We just know there are measurable properties that we can measure across points in space and we have created mathematical objects (fields) to represent this. From there, we can construct theories and make predictions based on these models.

Afaik, the official answer is that they are made of nothing because they are fundamental. That's how scientists say "we don't know". But when a fridge magnet sticks to a fridge, something holds it there and it's not nothing. It's not photons either. It's the magnetic field itself, the one that's made of "nothing". Photons are like waves in the magnetic field "water", but water isn't made of waves. Equations of magnetic field have a curious similarity with the flow of something in 4 dimensions (I mean that kaluza-klein theory), but nobody has managed to make that theory work yet, so there must be something else. Iirc, Einstein himself spent half of his life on this idea, but didn't succeed.
I think that’s a tricky question. In one sense, they aren’t made of anything since they are elementary fields. Meaning they don’t have constituent parts. But one could still argue that it’s relevant to say that they are of some kind of substance in a sense. The nature of that substance is the domain of Theories of Everything and some argue that the discussion becomes either purely mathematical or somewhat philosophical in nature, more so than a matter of physics anymore. For example, some argue that the fields are all made of math, so to speak, or likewise that their differences are like geometric variations on the same substrate.
They aren’t made of anything (other than numbers). Fields are currently the fundamental ontology. They are mathematical objects.
Fields aren't made of anything. When you feel static electricity, like when you rub a balloon against your hair, and your hair then stands up, that electric charge on the balloon and your hair is somehow being made evident across the space between the hair and the balloon. That communication of force electric charge happens over the electric (really, electromagnetic) field. It happens across air and vacuum alike. Nothing need be between the charged objects and yet the charge will be "felt" by them. That "field" is just the numeric electric charge felt at each point in space, for all points in space. It's just field strength -- a bunch of scalar values, one for every point in in space. We call that a field, but it's not an object made of stuff, just a mathematical object.
I always thought the fields are just the mathematical representation of the respective force carrier particles travelling through space. Such particles (the photon is certainly the most relevant for us) are having such a big size due to their statistical nature that the fill space even though their own size when probed is tiny.
Particles don't actually exist, however. They're excitations in various fields. A proton, for example, is actually a sea of three quarks of different "colors" that continually exchange energy (and only have potential positions) via gluons, and those quarks and gluons themselves aren't particles, but excitations in fields
So we have a duality of fields and particles. Likely it doesn't make sense to give one representation precedence over the other.
QFT doesn't have a duality of particles and waves, it explains both as excitations in underlying fields. So even the particle in a double slit experiment is just the collapsed wave function, but we experience it as a particle. So precedence in this case is that QFT is the underlying explanation.

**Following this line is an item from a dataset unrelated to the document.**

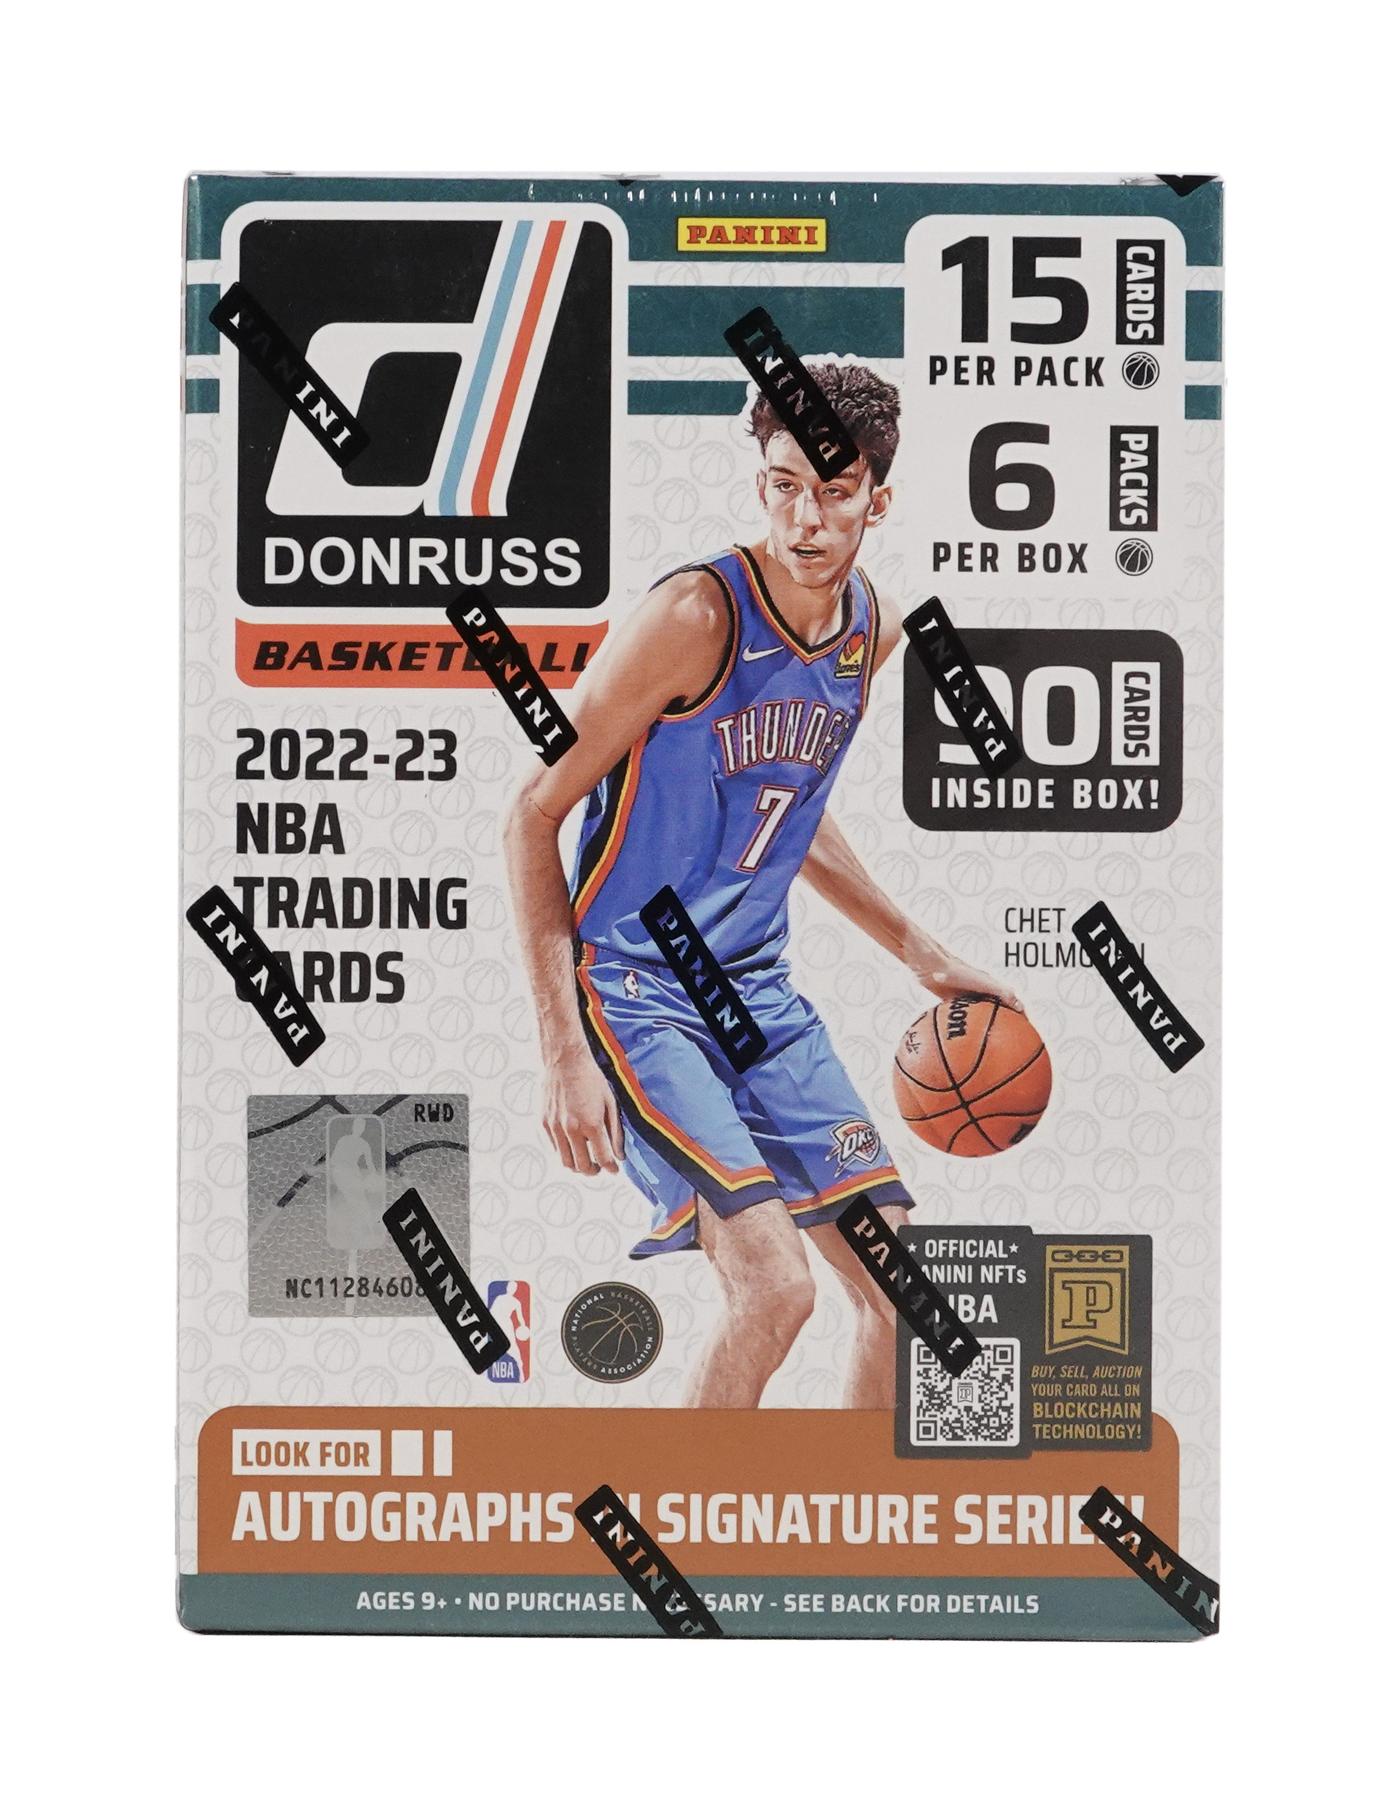  2020-21 Panini NBA Donruss Basketball Blaster Box - 11

Yeah did everything forget about the double slit experiment? Why are fields any more real than particles? Is the updated science now resolved on wave particle duality then?
It's more like, particles are how we experience collapsed wave functions, and both are manifestations of excitations in the underlying quantum field.
Last I checked the theory of wave function collapse is still unresolved, with competing explanations. We don't know the answer and should not talk like we pretend we do. Unless you are personally one of those scientists or researchers endorsing one such theory, and even then you have to be clean and transparent and admit the matter is not settled by consensus yet.